Monday, Jan. 09, 1939

"I Loathe Dictators"

The most-talked-of political clique in 1938 was the "Cliveden Set," the name applied to a group of eminent Britons who frequented Cliveden, Buckinghamshire estate of Lord & Lady Astor. Occasional visitors to Cliveden are Prime Minister & Mrs. Neville Chamberlain; Montagu Norman, Governor of the Bank of England; Geoffrey Dawson,' editor of the potent London Times, which is owned by Lady Astor's brother-in-law. Major John Jacob Astor; and Colonel & Mrs. Charles Augustus Lindbergh.

To certain Clivedenites Lindbergh reputedly delivered his reputedly damaging remarks on the Russian Air Force which reputedly scared the British Government out of sticking up for Czechoslovakia. The "Cliveden Set" became a synonym for a sort of Fifth Column working on behalf of Germany behind the back of the British Government.
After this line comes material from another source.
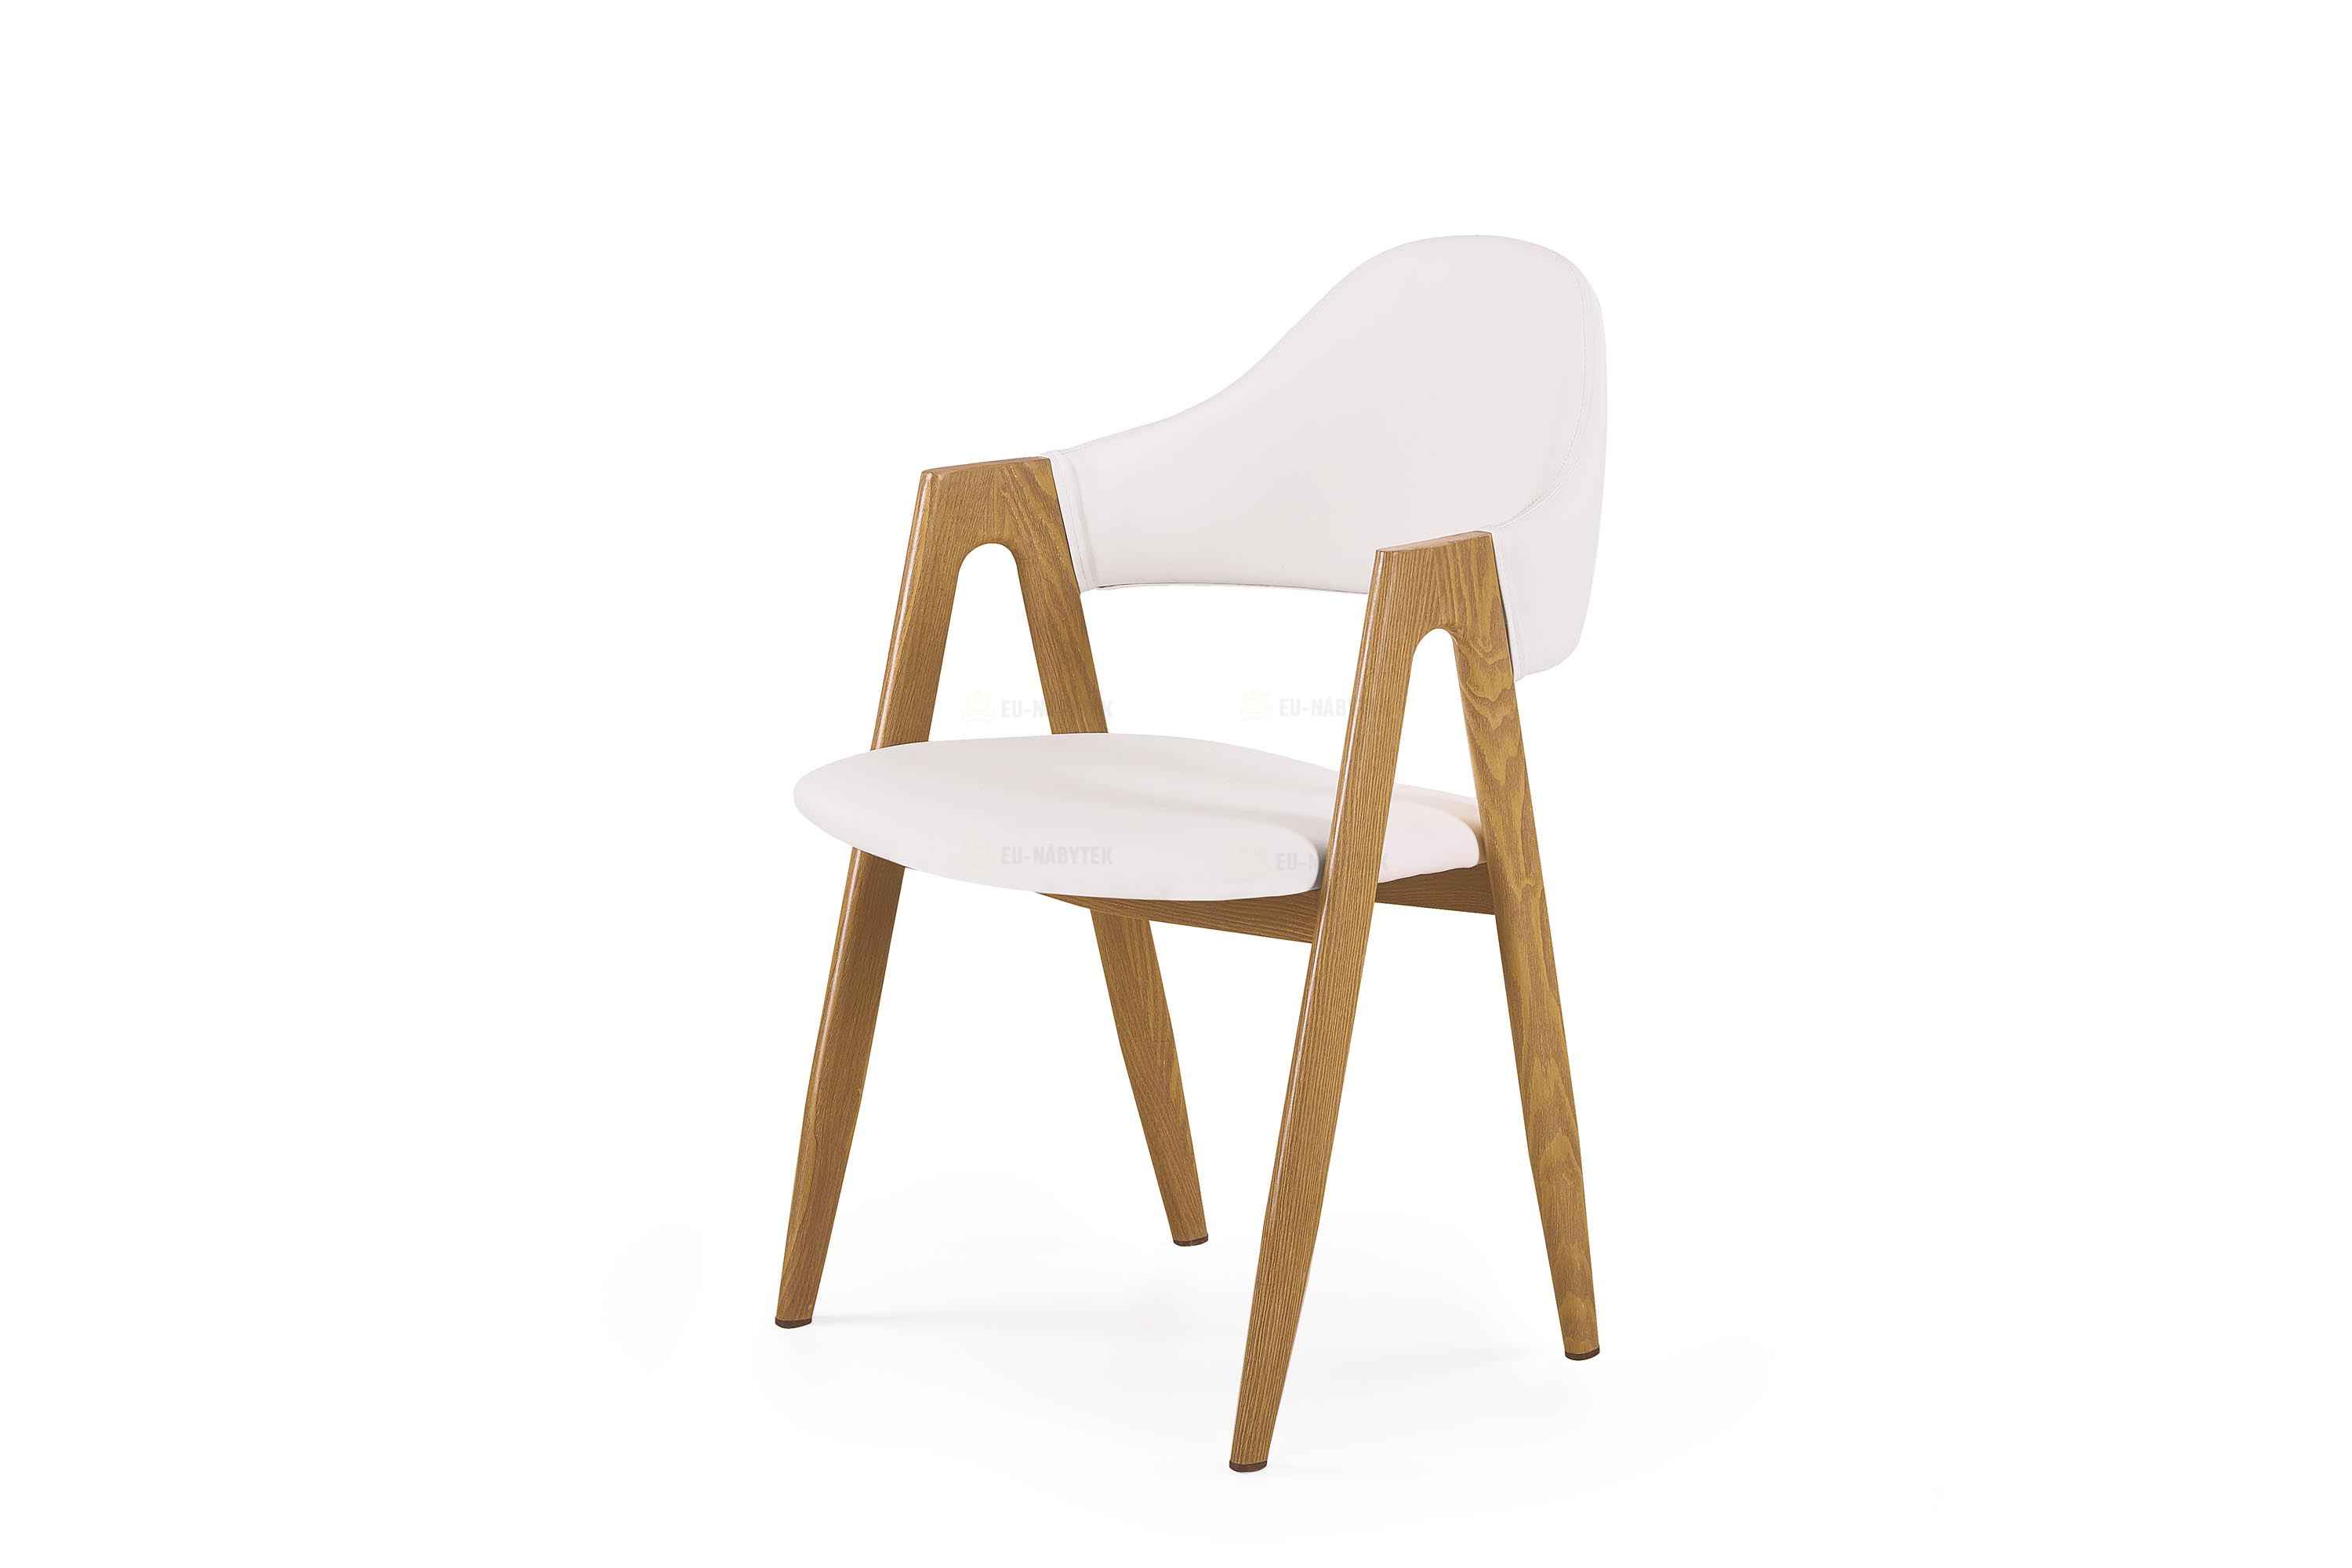 Jídelní židle K247 bílá / dub medový

Last week the Hostess of Cliveden did her best to convince a Manhattan sob sister that this conception was all wrong.

Sought out by Dorothy Dunbar Bromley, onetime writer of women's chatter for the New York World-Telegram and now a columnist for the New York Post, Lady Astor proceeded to whip out a flat denunciation of Adolf Hitler. "I'm so much against him [Hitler]," cried the spectacular Virginia lady who 'has sat in the House of Commons since 1919, "that I wouldn't think of accepting an invitation to meet him if one were offered me. I loathe dictators and all they stand for. The most horrible thing Hitler has done is to warp the lives of Jewish children. Isn't it awful we can't tell what this lunatic is going to do next?"